Stimulated emission occurs when an incident photon causes an excited electron to drop to a less energetic band, emitting a photon in the process. Stimulated emission is important to an understanding of laser dynamics because it results in the generation of a photon with identical phase, frequency, and direction to the incident photon. As in electron-photon absorption, the electromagnetic field of the incident photon resonates with the energy difference between two possible bands that an electron can occupy. This resonance causes the electron to vibrate with the same frequency as the incident radiation. Stimulated emission occurs when the electron which the photon interacts with is already in an excited state. This electron is perturbed by the incident electric field, causing it to transition between the energy bands. Since the downward transition of the electron does not draw energy from the incident electric field, the incident photon is unchanged by the interaction, and the extra energy associated with the downward band transition adds to the overall amplitude of the electric field in the form of an additional photon. Since the recombining electron has been perturbed by the incident electric field, the generated electromagnetic field oscillates with the same frequency, phase, polarization, and direction as the incident photon!
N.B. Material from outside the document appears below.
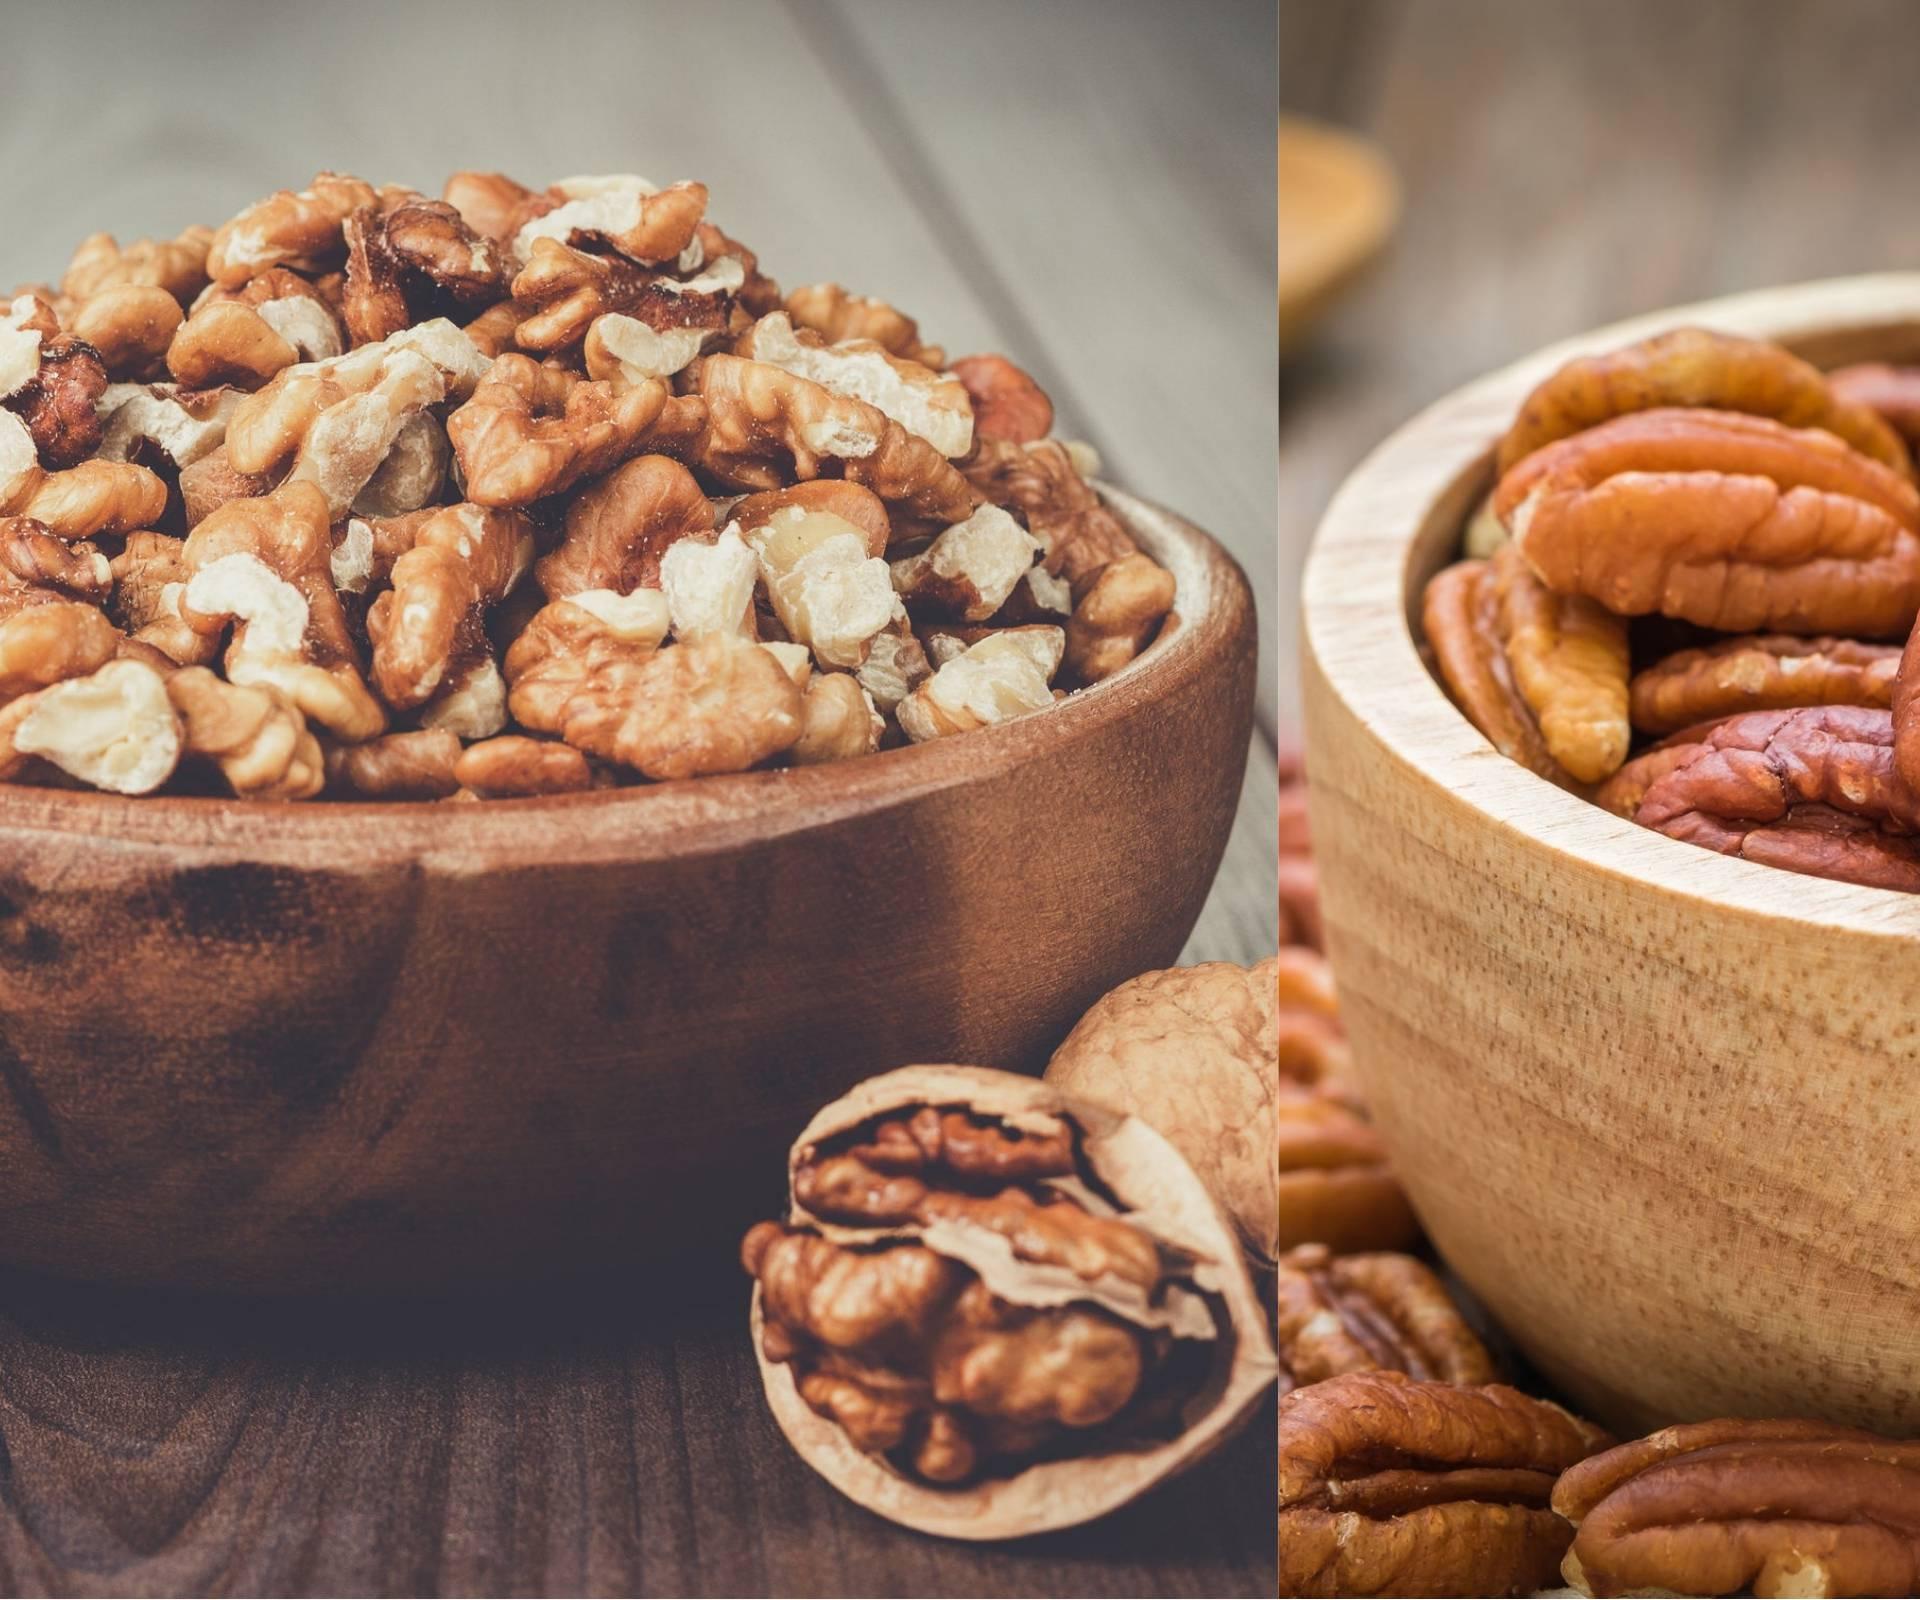 Naši domaći orasi su bogatiji proteinima od pekan oraha

Figure 3.13   Light-matter interaction with valence (Ev ) and conduction (Ec ) electron energy levels. (a) Absorption: an incident photon raises electron energy. (b) Spontaneous emission: an excited electron falls to the valence energy and emits a photon. (c) Stimulated emission: an incident photon triggers an excited electron to release a second photon with identical phase, frequency, and momentum.

#### Direct and Indirect Bandgap Semiconductors

All semiconductors are subject to spontaneous emission, absorption, and non-radiative recombination, but only special types are capable of providing optical gain. Indirect bandgap semiconductors have a valence band maximum energy and conduction band minimum energy appearing at different momentum states (Fig. 3.14). Both energy and momentum must be conserved in a transition, and photons carry relatively little momentum. This momentum must come from another particle, a phonon, in indirect gap semiconductors. The three particle electron-photon-phonon interaction is less likely than the two particle electron-photon interaction, thereby making spontaneous and stimulated emission much stronger in direct gap materials (relative to competing nonradiative recombinations). Indirect bandgap materials, including silicon and germanium, are therefore unsuitable for producing practical optical amplifiers or lasers.
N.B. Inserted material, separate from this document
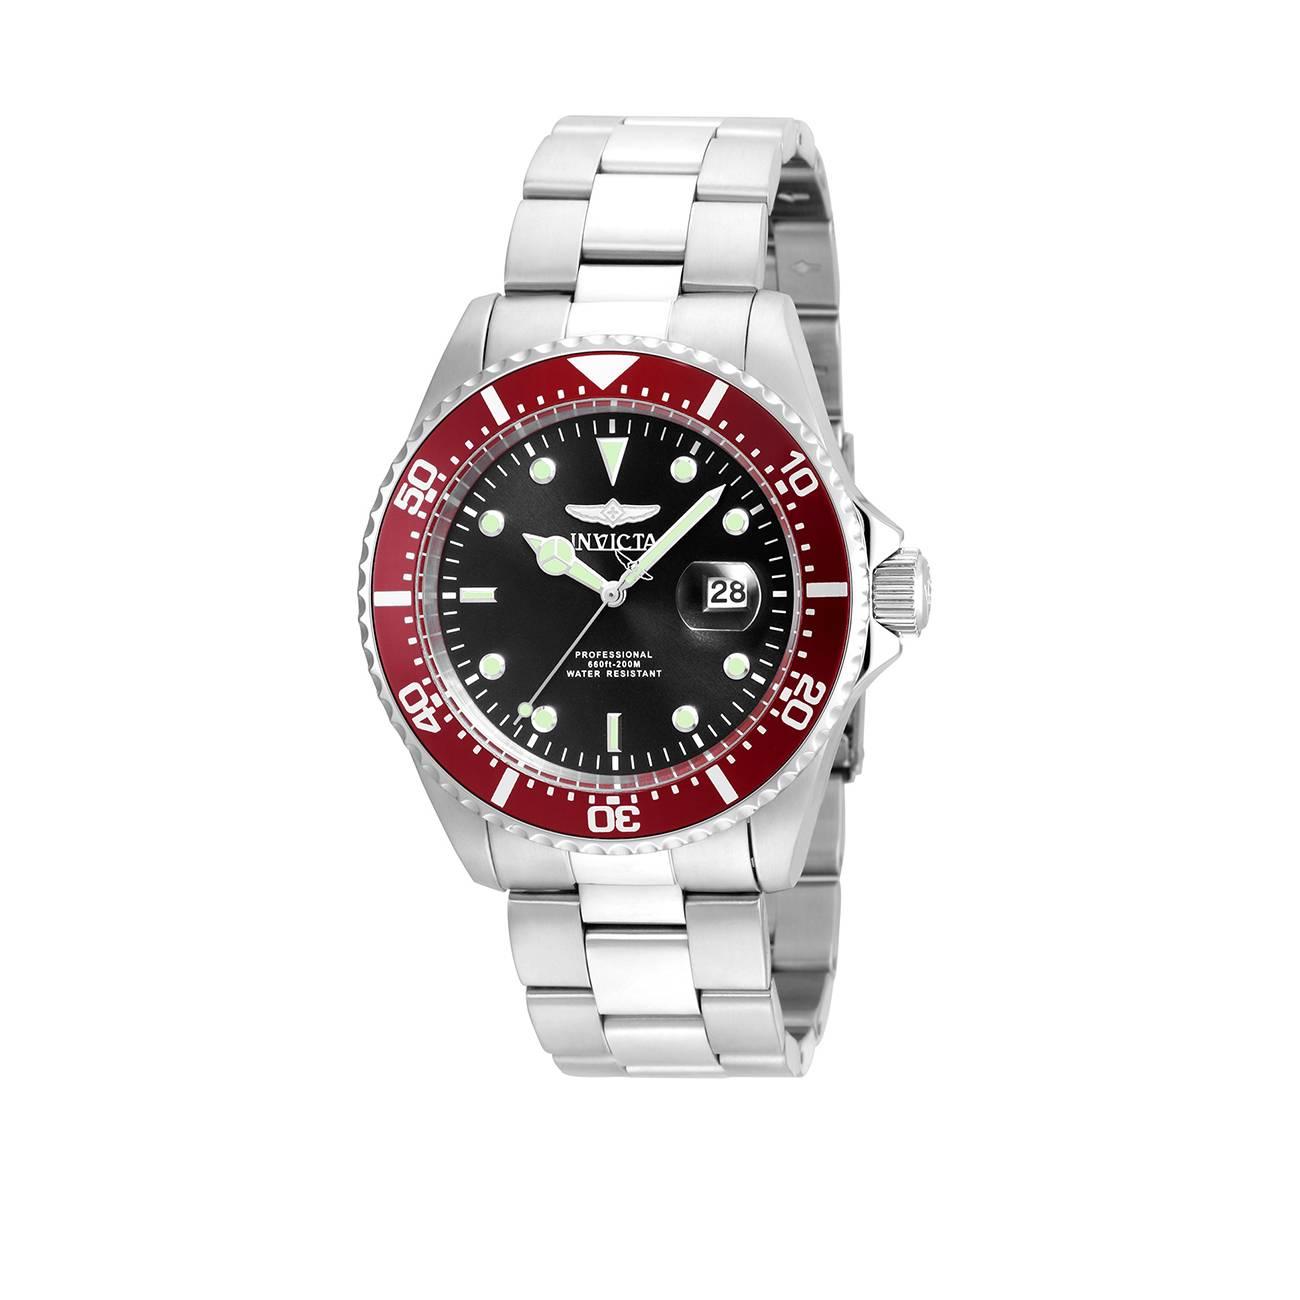 Pro Diver 22020 imagine

Figure 3.14   Band diagrams of (a) silicon and (b) gallium arsenide, showing differences between indirect and direct bandgaps. Black lines represent edges of allowed electron and hole states in terms of energy, E, and momentum, k. Gray regions are band gaps, energies where no states are present. Vertical red arrows represent the minimum energy of the conduction to valence transition, and the horizontal blue dashed line is the momentum of the transition for indirect bandgap materials. Adapted and reproduced from Semiconductors: Group IV Elements and III-V Compounds (1991) by O. Madelung Ref. [20]. With permission of Springer-Verlag.

With these things in mind, optical devices can be classified as active if they exchange or convert photonic energy with electronic energy, and passive otherwise, although passive devices always have dielectric properties and nonideal absorptive processes. Naturally, a combination of active and passive devices is desirable for integration of complete photonic systems, consisting of active transmitters, passive routing waveguides, and active receivers.

#### Population Inversion

We have seen that photons incident on direct bandgap materials result either in stimulated emission or absorption, depending on whether the interacting electron is in an excited state or not. As stimulated emission requires an electron to drop from the conduction to the valence band, the likelihood, or rate, at which stimulated emission occurs is proportional to the conduction band electron density. Inversely, absorption requires an electron start in the valence band, and is therefore proportional to the valence band electron density. In a bulk semiconductor with many electrons, this means the net emission/absorption effect depends on the ratio of excited electrons to total electrons. This is often referred to as the carrier density, since only conduction electrons can flow freely to carry charged current.

Population inversion refers to the situation where more than half of the outer electrons are in an excited state and is a necessary condition for a bulk material to amplify incoming light through net stimulated emission. At first, it seems such a state can be achieved by irradiating the material with photons which will be absorbed, raising the carrier concentration. However, since increasing the number of conduction band carriers decreases the rate of absorption, it is impossible to excite electrons in the material farther than the point where it becomes transparent (i.e., equal density of conduction and valence electrons). In order to achieve optical gain, the semiconductor must be pumped by some other effect. Many types of lasers are described by three-level systems, optically pumped by a shorter wavelength (higher energy photons). Electrons pumped to the third energy level quickly relax to the second, creating a buildup of carriers that will provide gain to the lasing wavelength. In most photonic integration contexts, however, it is advantageous to use electrical pumping. Population inversion can be induced with electronic energy in a PN semiconductor junction.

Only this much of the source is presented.